Some of the spam I receive on a regular basis is for products that I can’t mention in this column. But recently, I’ve had a few emails about unmentionables, and I’d like to mention those: Bra Wonder, Super Bra and my favorite, Bra Genie.
It struck me as odd that I would get so many of these in a week. Manufacturers nowadays have all kinds of ways to target their message to the appropriate market. So why was a regular guy like me getting stuff like this? I tried red flagging key words so this type of advertising would go directly to my spam folder, but all it did was block a really good coupon for Kentucky Fried Chicken.
Sadly, while discussing this issue with friends, I found it impossible to avoid immature plays on words. I would say things like: who are the boobs sending me this junk? I was very disappointed in myself, but there is nothing more alluring than easy puns, and I am weak.
I did want to know why these ads were flooding my inbox, so I called my techie friend and told him I had this problem that was staring me smack in the face. (See? I can’t help myself.) He responded, “Okay, Dick, it sounds like you need some support.”
“Oh no, Kevin, now you’re doing it.” I hung up. It was time to figure this out myself. And I finally did.
Two months ago I wrote an essay about taking up weightlifting late in life. Here’s what I said: “My wife mentioned to me the other night that I had a pathetic looking chest…She thinks my body lacks definition, but I disagree. You can look it up in the dictionary under scrawny.”

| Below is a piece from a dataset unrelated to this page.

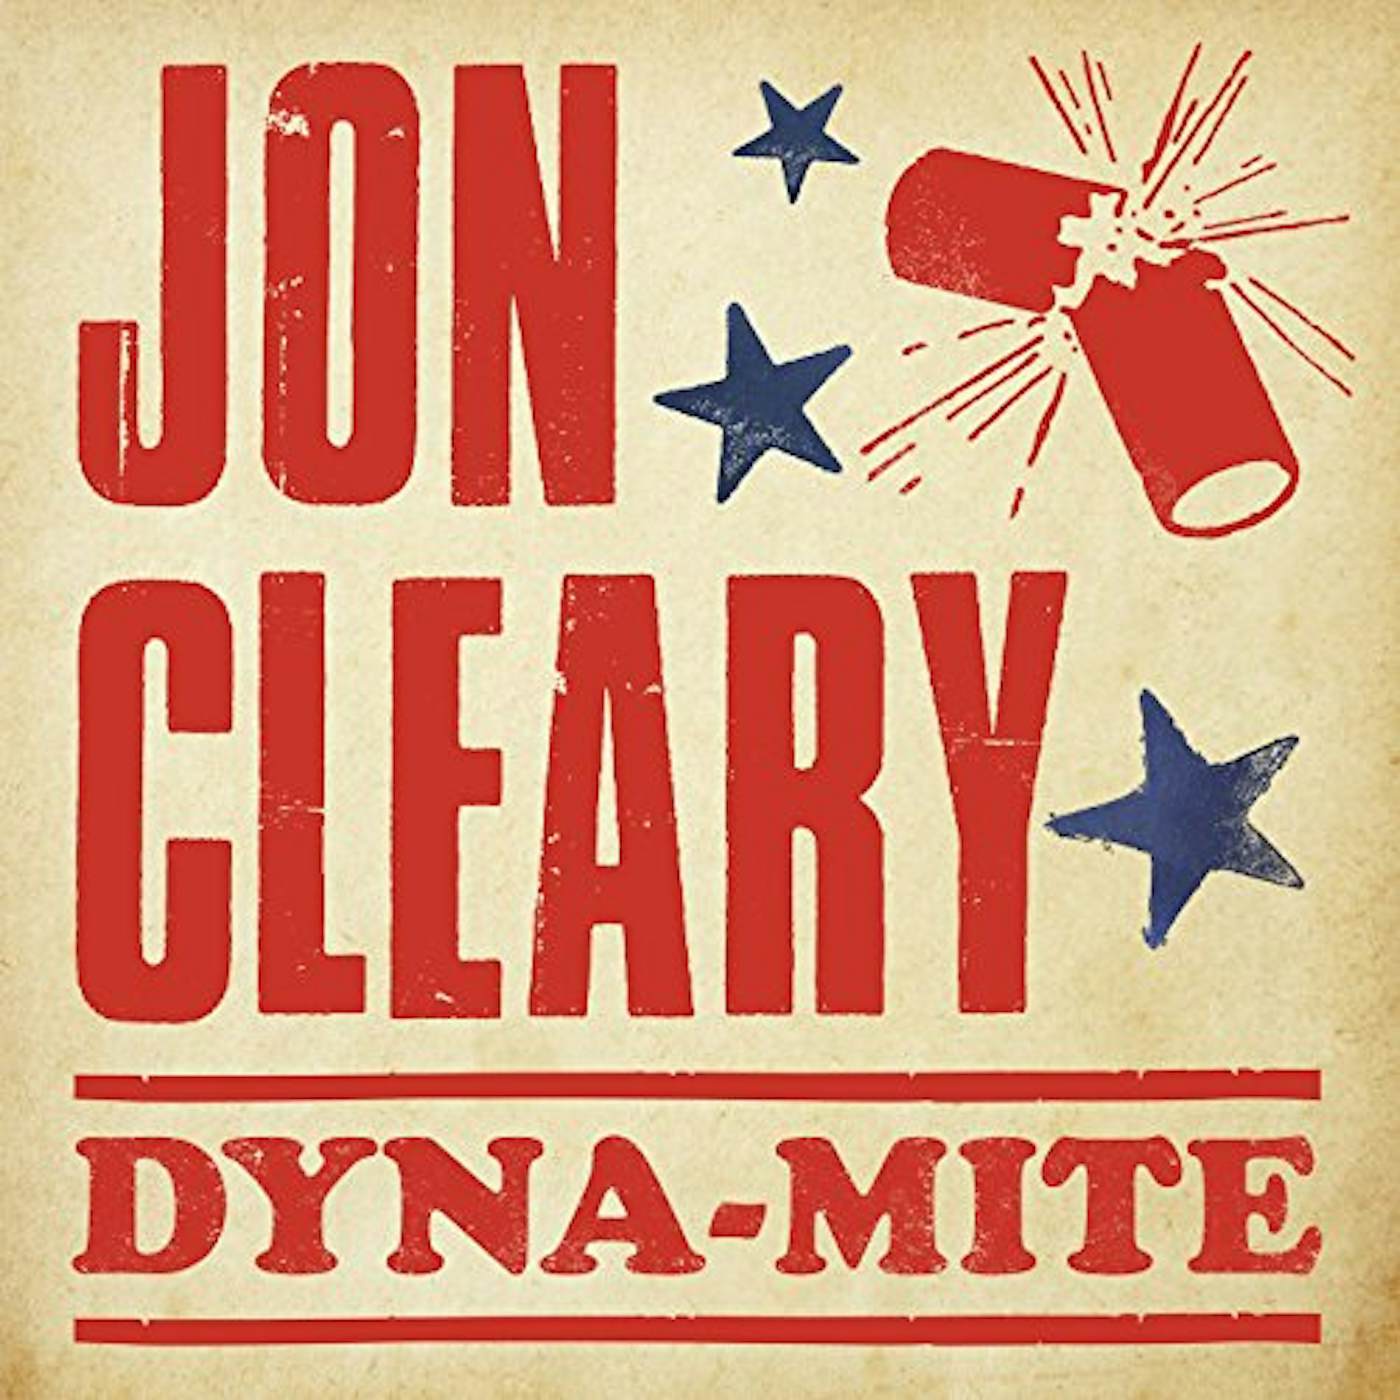 Jon Cleary Dyna-Mite Vinyl Record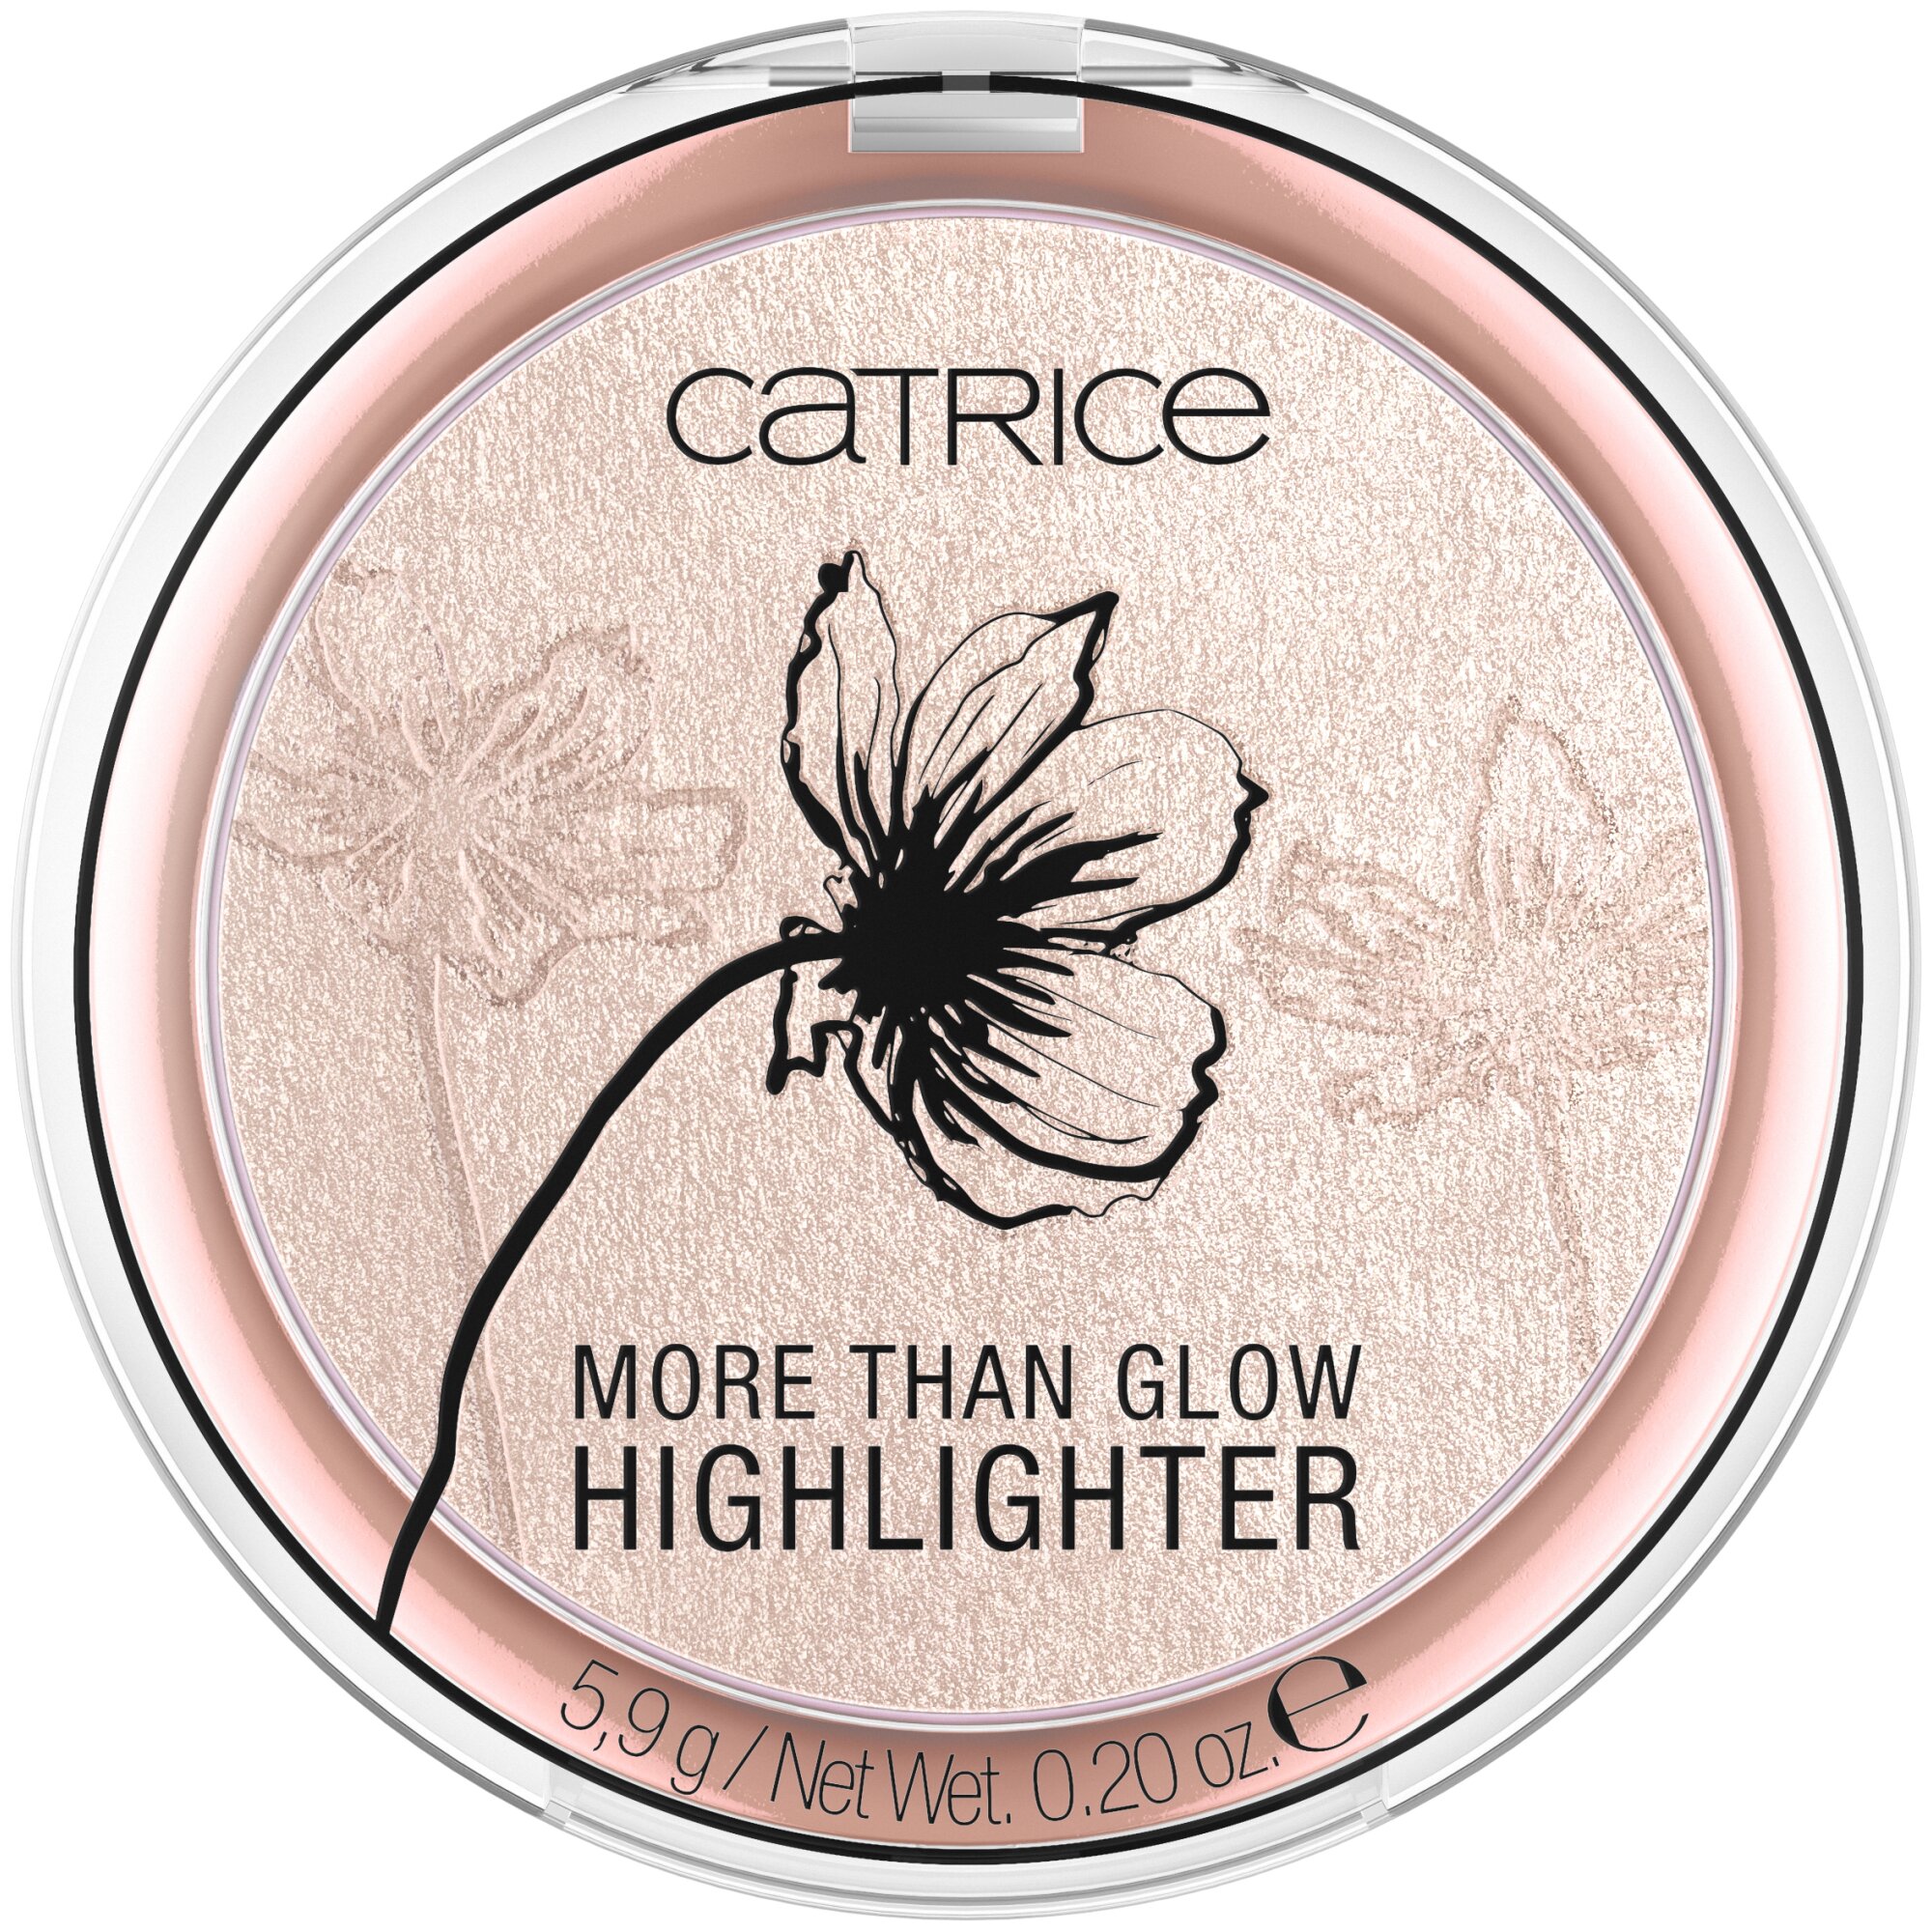 Pudra iluminatoare More Than Glow Highlighter, 020 - Supreme Rose Beam, 5.9 g, Catrice

The column appeared in this newspaper and in my blog, and then probably ended up in the search engines at Google, Bing, and Yahoo. Do you know what algorithms are? Me either. But apparently my wife’s observation about my “decrepit looking chest” found its way to brassiere makers the world over, who selected me from a database of everyone unhappy with their upper half.
Before I wrote this column, I printed out all the spam ads so I could read them more carefully. When Mary Ellen was poking around my office looking for an envelope she saw the material on my desk and assumed that either I thought she needed a Bra Genie or I wanted to wear one myself. You can see that neither alternative was going to lead to a conversation a husband was eager to have.
Then to make matters worse, some computer software programs couldn’t distinguish between “dissatisfied with your upper half” and “unhappy with your better half,” which meant I got a slew of ads for do-it-yourself divorce kits. How much ’splainin’ can a guy do?
When I explained to Mary Ellen why I was getting spammed, I admitted that I had looked at several of the bra ads, but at least I had stopped making childish puns and double entendres. It was good to get all that off my chest.